A browser tab opens at `http://127.0.0.1:5000/`

. Add your SearchApi.io and OpenAI keys through the Settings button in the UI (or edit `.env`

directly).

If you want to drive it from the terminal:

```
python cli.py add "anthropic"                       # start tracking
python cli.py search "anthropic" --when 7d --num 50 # one-shot
python cli.py report "anthropic" --period weekly    # see the saved data
python cli.py cron                                  # run the daily job now
```

## Things I would change if I were building it again

- The OpenAI enrichment runs serially. For a keyword that returns 50 articles, that's 50 sequential API calls. Easy win: parallelize with
`asyncio`

or a thread pool. - The
`data.db`

file lives in the project root. Probably should default to`~/.google-news-monitor/data.db`

for cleaner installs. - No retry logic on transient API errors. SearchApi.io and OpenAI both occasionally 500. Add exponential backoff.
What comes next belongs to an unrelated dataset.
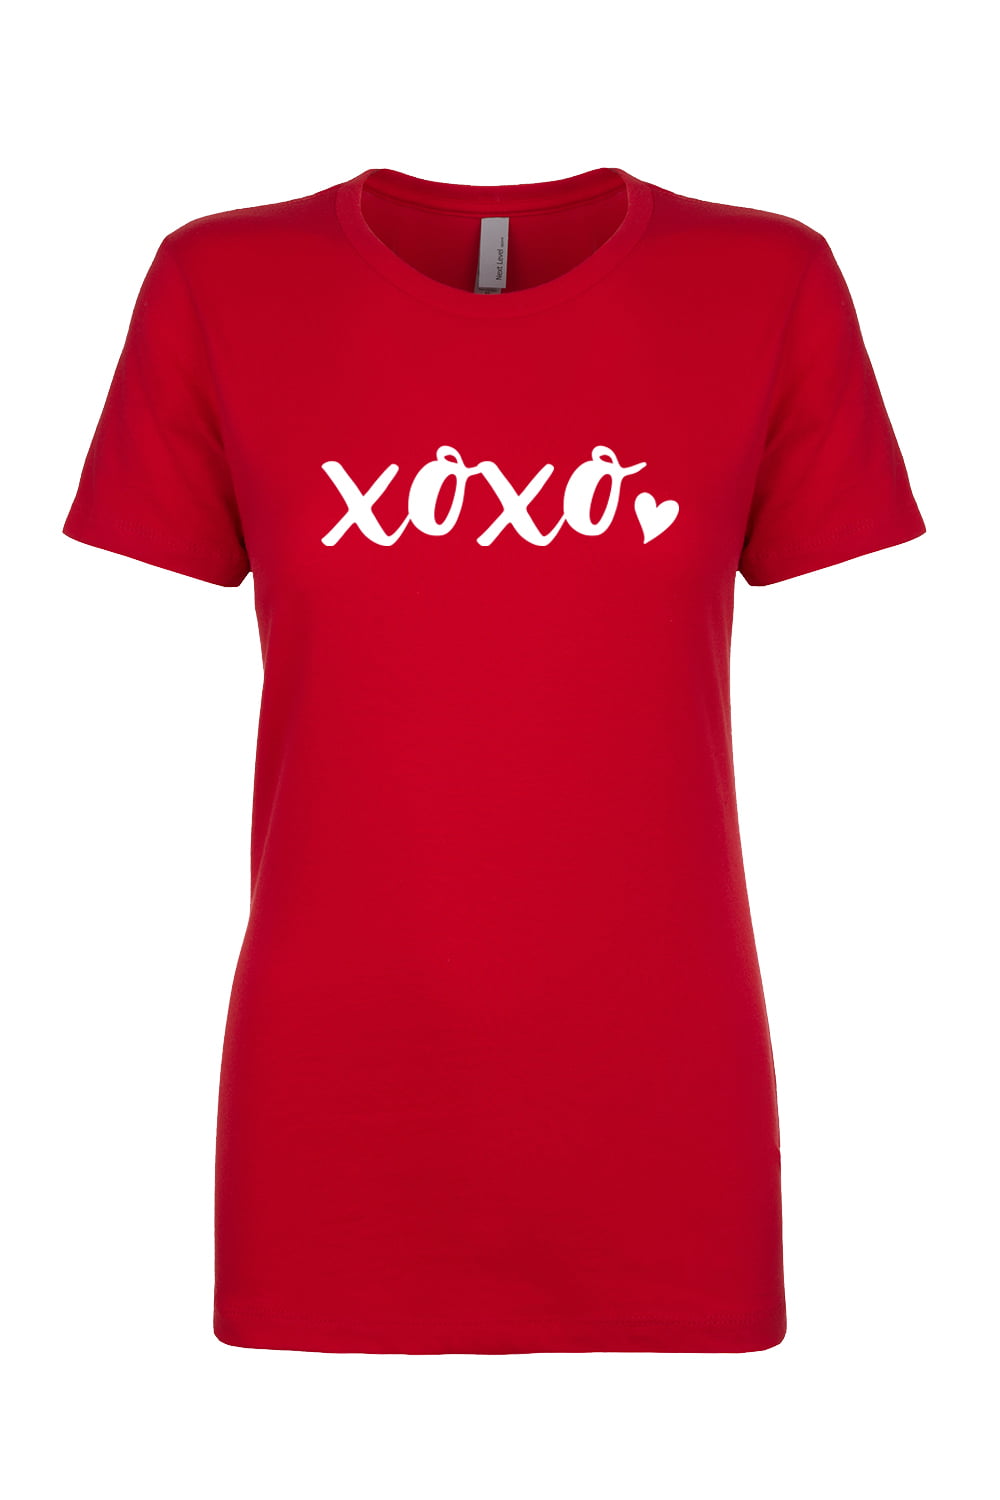 Happy Valentine’s Day Short-Sleeve XOXO Unisex T-Shirt Holiday XOXO Valentine’s Day Gift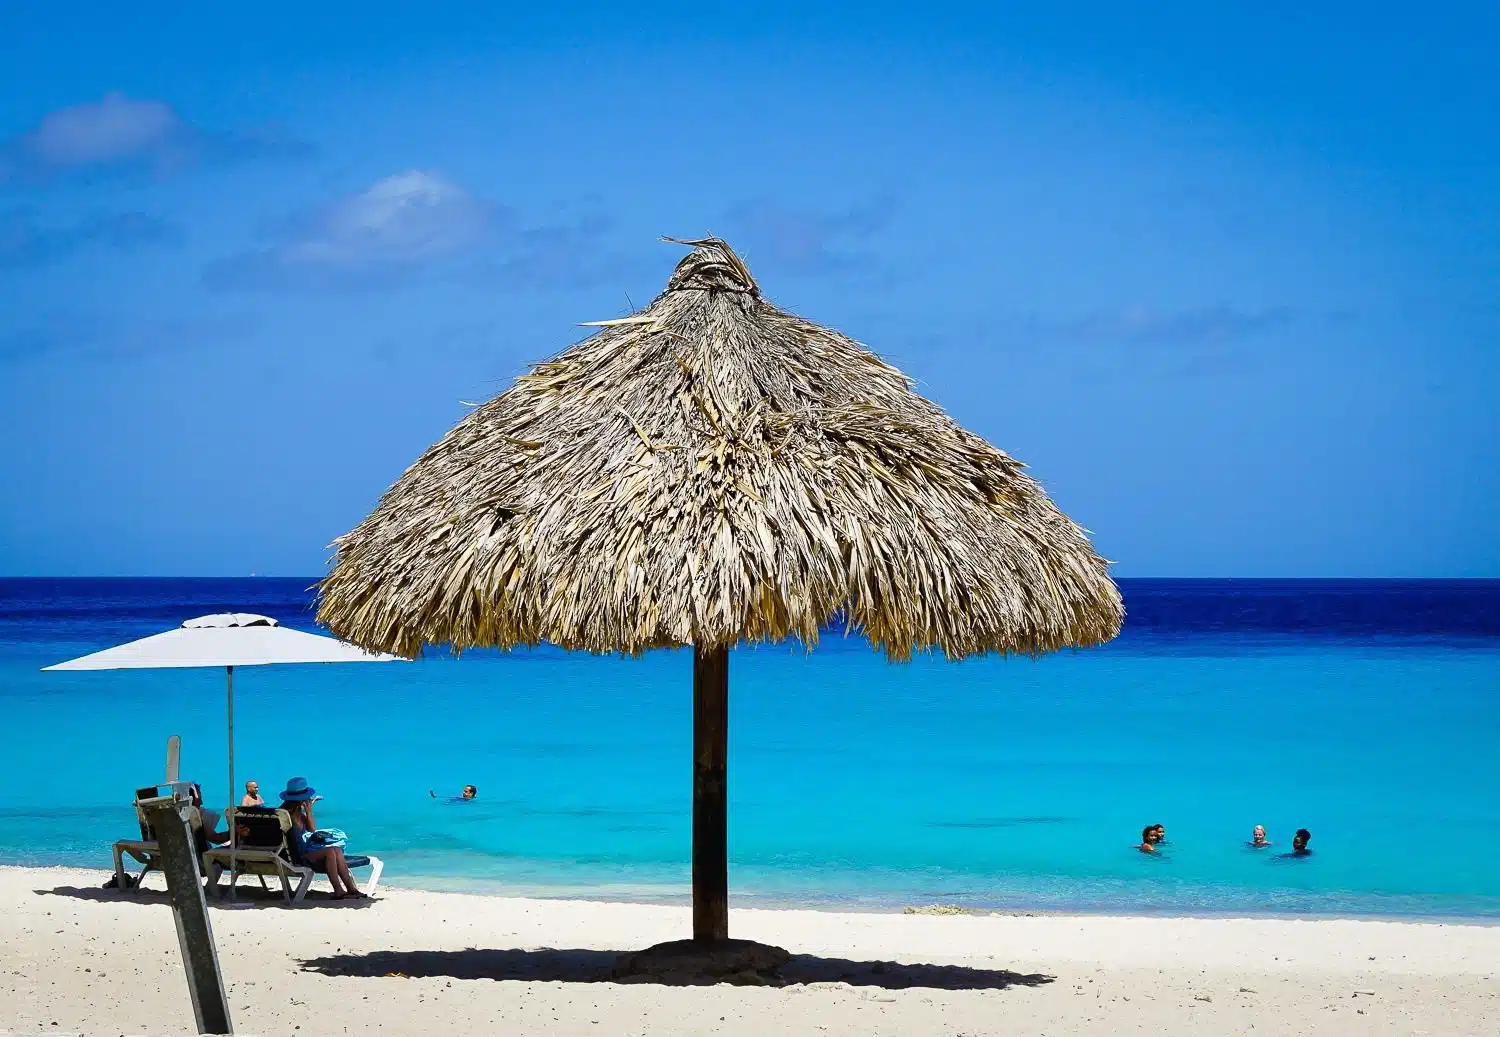 Does Curaçao seem like a spot you'd like to spend time?

If you build any of these, send a PR.

If you want to see what the running app looks like, screenshots are on the GitHub README. It is MIT licensed, runs entirely on your machine, and has no telemetry or sign-up.

**Disclosure:** I work at SearchApi.io, which is the Google News data source this tool uses. Worth saying upfront before anyone digs.